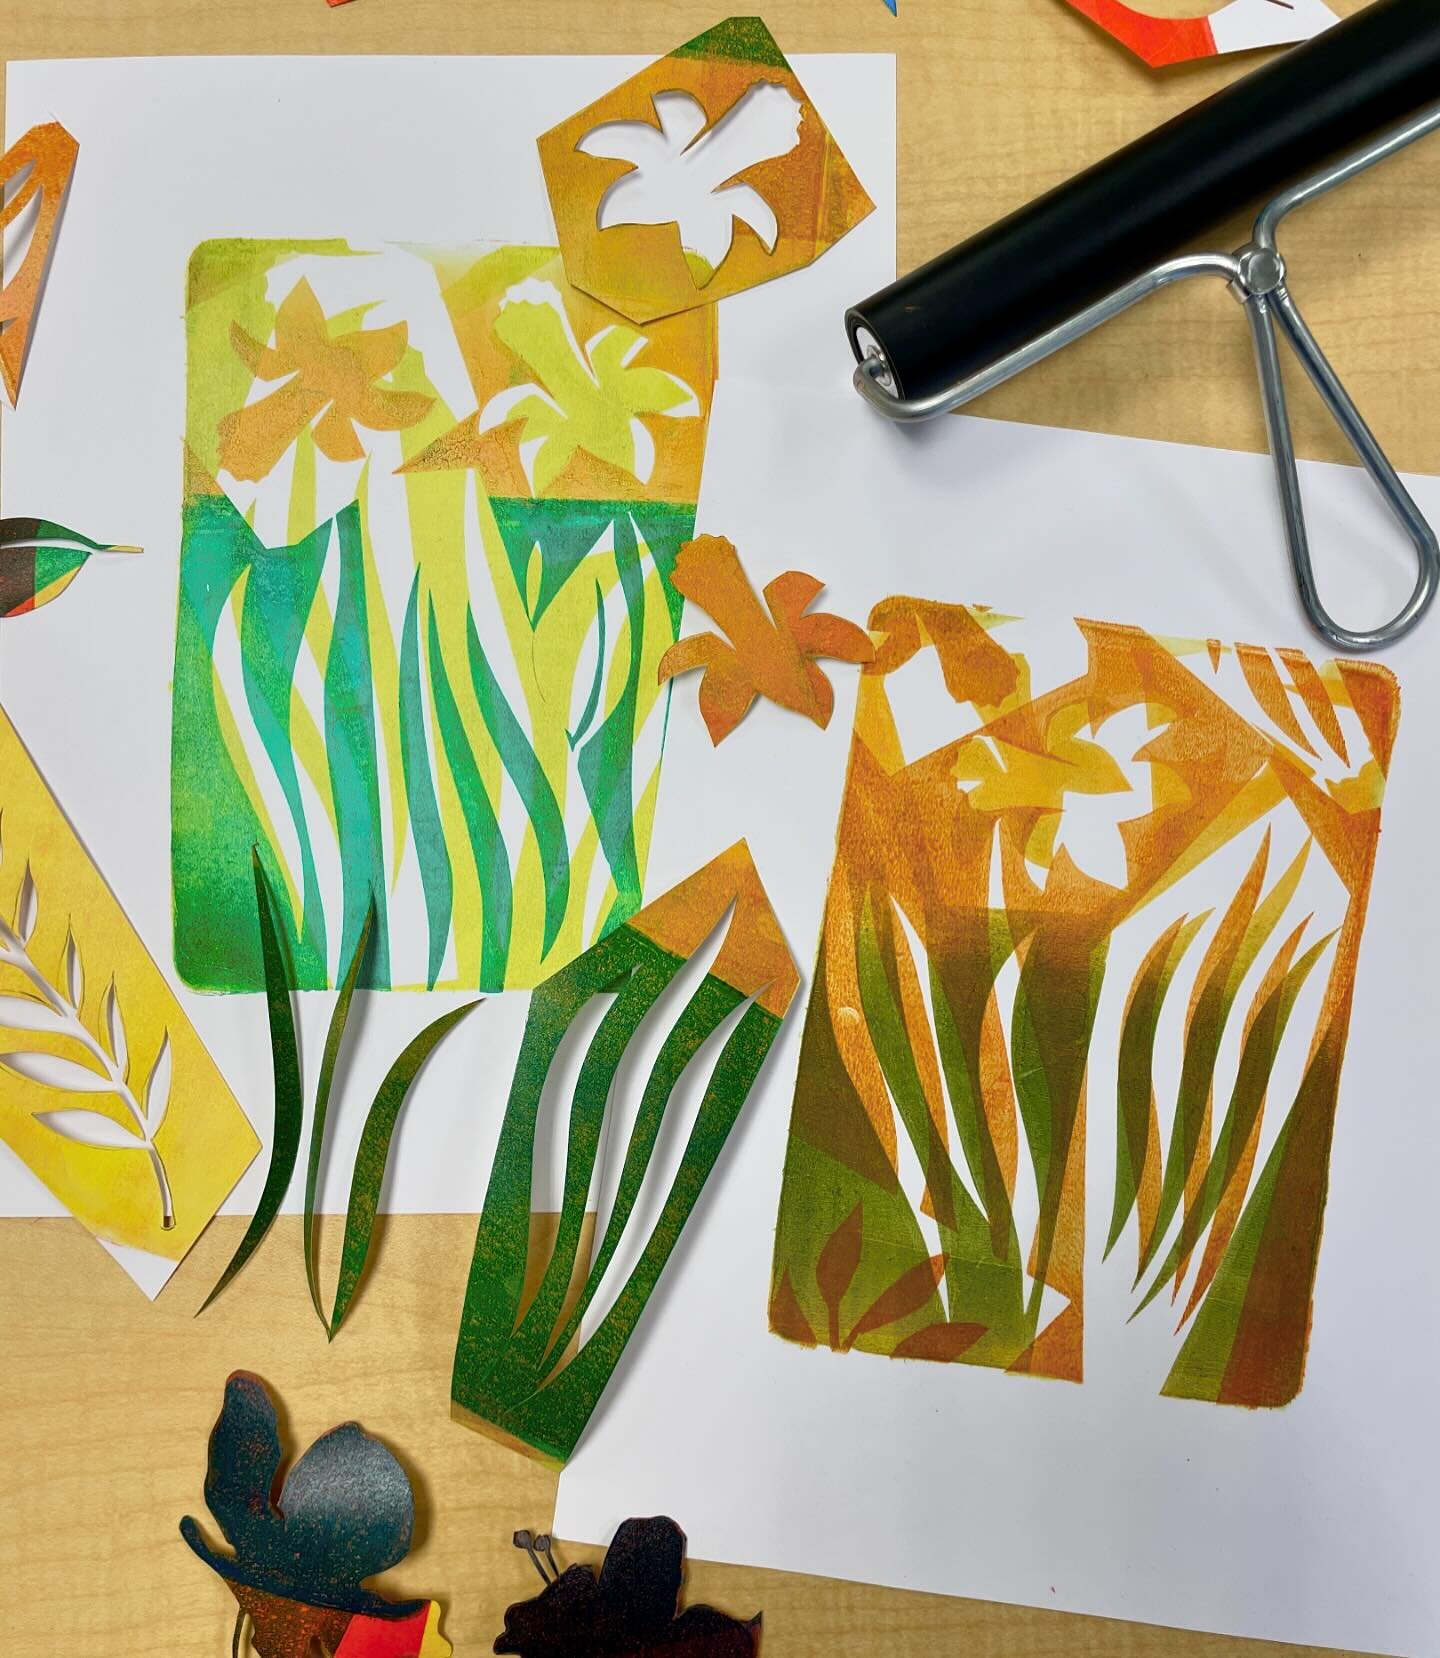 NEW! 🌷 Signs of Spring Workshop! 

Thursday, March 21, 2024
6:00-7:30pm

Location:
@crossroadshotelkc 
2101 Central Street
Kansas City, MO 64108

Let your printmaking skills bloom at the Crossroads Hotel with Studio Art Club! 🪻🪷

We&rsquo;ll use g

━━━━━━━━━━

Could you set down every entry again exactly as written, leaving out any pictures?

 NEW! 🌷 Signs of Spring Workshop! 

Thursday, March 21, 2024
6:00-7:30pm

Location:
@crossroadshotelkc 
2101 Central Street
Kansas City, MO 64108

Let your printmaking skills bloom at the Crossroads Hotel with Studio Art Club! 🪻🪷

We&rsquo;ll use g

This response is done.